A History of Art in Ancient Egypt, Vol. 2 (of 2)
A HISTORY OF ART IN ANCIENT EGYPT
FROM THE FRENCH OF GEORGES PERROT, PROFESSOR IN THE FACULTY OF LETTERS, PARIS; MEMBER OF THE INSTITUTE AND CHARLES CHIPIEZ.
ILLUSTRATED WITH FIVE HUNDRED AND NINETY-EIGHT ENGRAVINGS IN THE TEXT, AND FOURTEEN STEEL AND COLOURED PLATES.
IN TWO VOLUMES.—VOL. II.
TRANSLATED AND EDITED BY WALTER ARMSTRONG, B. A., Oxon., AUTHOR OF ALFRED STEVENS, ETC.
London: CHAPMAN AND HALL, Limited. New York: A. C. ARMSTRONG AND SON. 1883.
London: R. Clay, Sons, and Taylor, BREAD STREET HILL.

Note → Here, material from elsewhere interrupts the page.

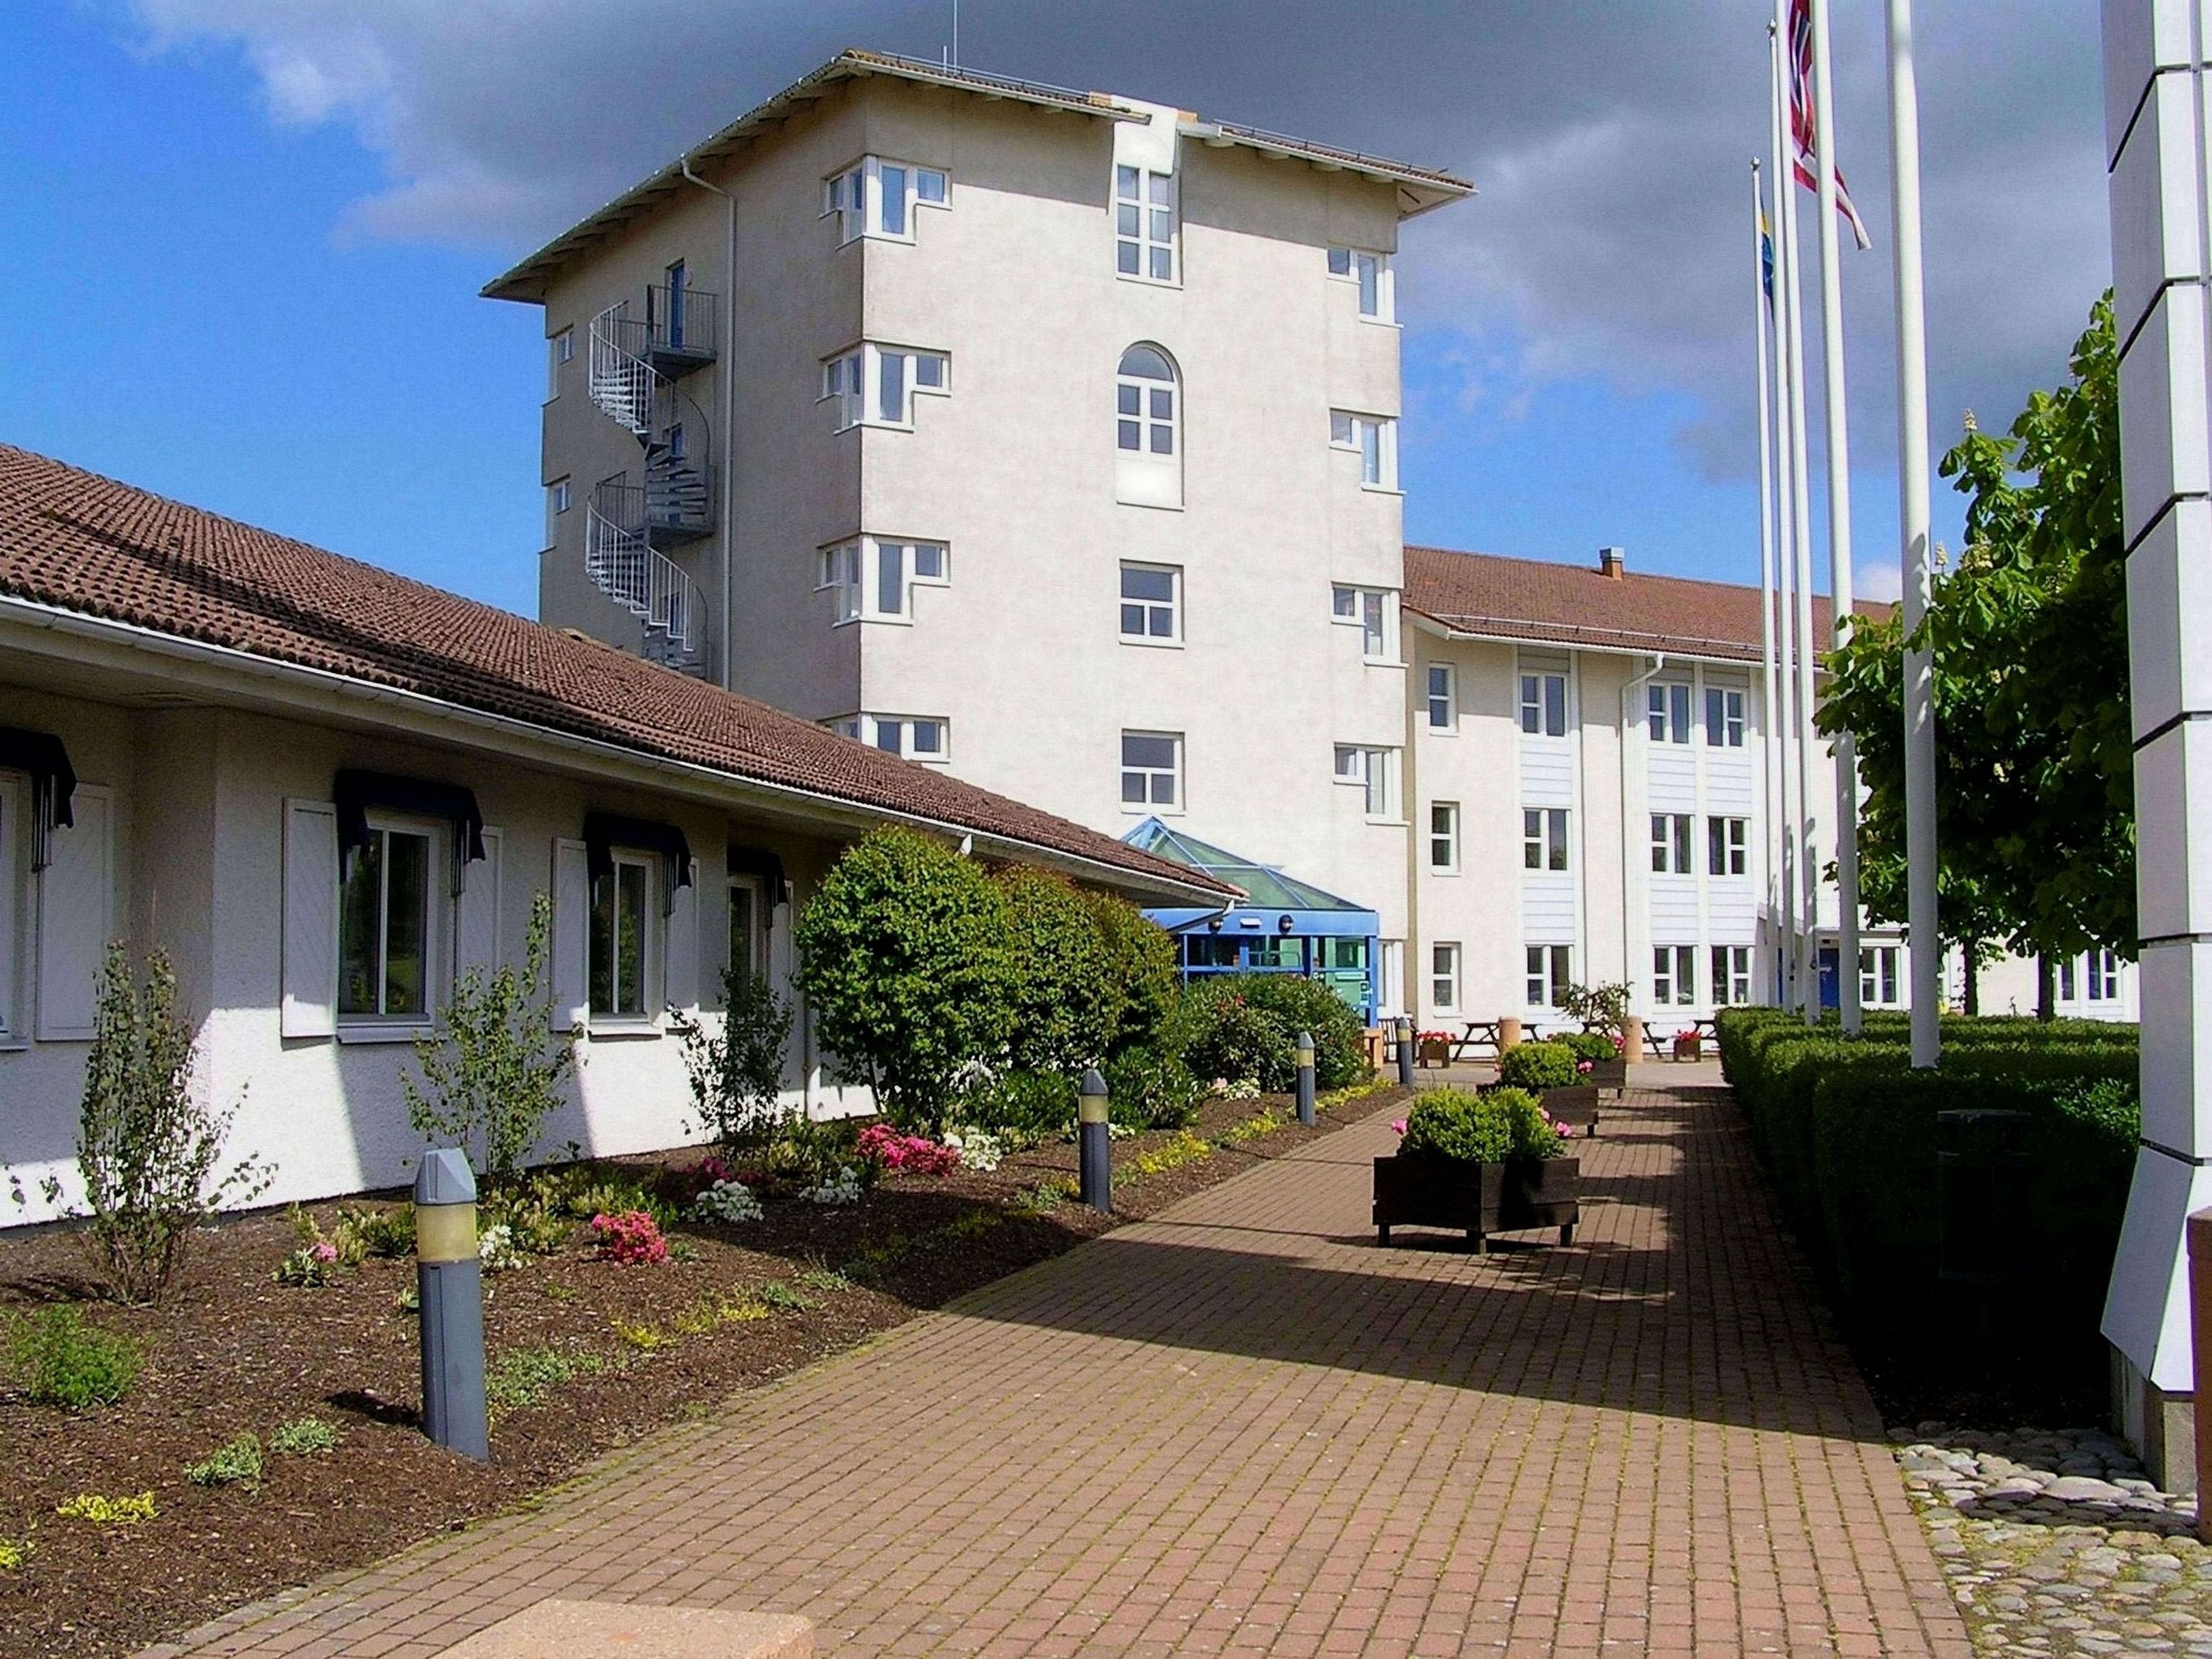 Hotell Erikslund image

CIVIL AND MILITARY ARCHITECTURE.
We have seen that sepulchral and religious architecture are represented in Egypt by numerous and well preserved monuments. It is not so in the case of civil and military architecture. Of these, time has spared but very few remains and all that the ancient historians tell us on the subject amounts to very little. Our best aids in the endeavour to fill up this lacuna are the pictures and bas-reliefs of the tombs, in which store-houses, granaries, houses and villas of the Pharaonic period are often figured.
It is not always easy, however, to trace the actual conformation and arrangement of those buildings through the conventionalities employed by the artists, and we must therefore begin by attempting to understand the ideas with which the Egyptians made the representations in question. Their idea was to show all at a single glance; to combine in one view matters which could only be seen in reality from many successive points, such as all the façades of a building, with its external aspect and internal arrangements. This notion may be compared to that which recommends itself to a young child when, in drawing a profile, he insists upon giving it two ears, because when he looks at a front face he sees two ears standing out beyond either cheek.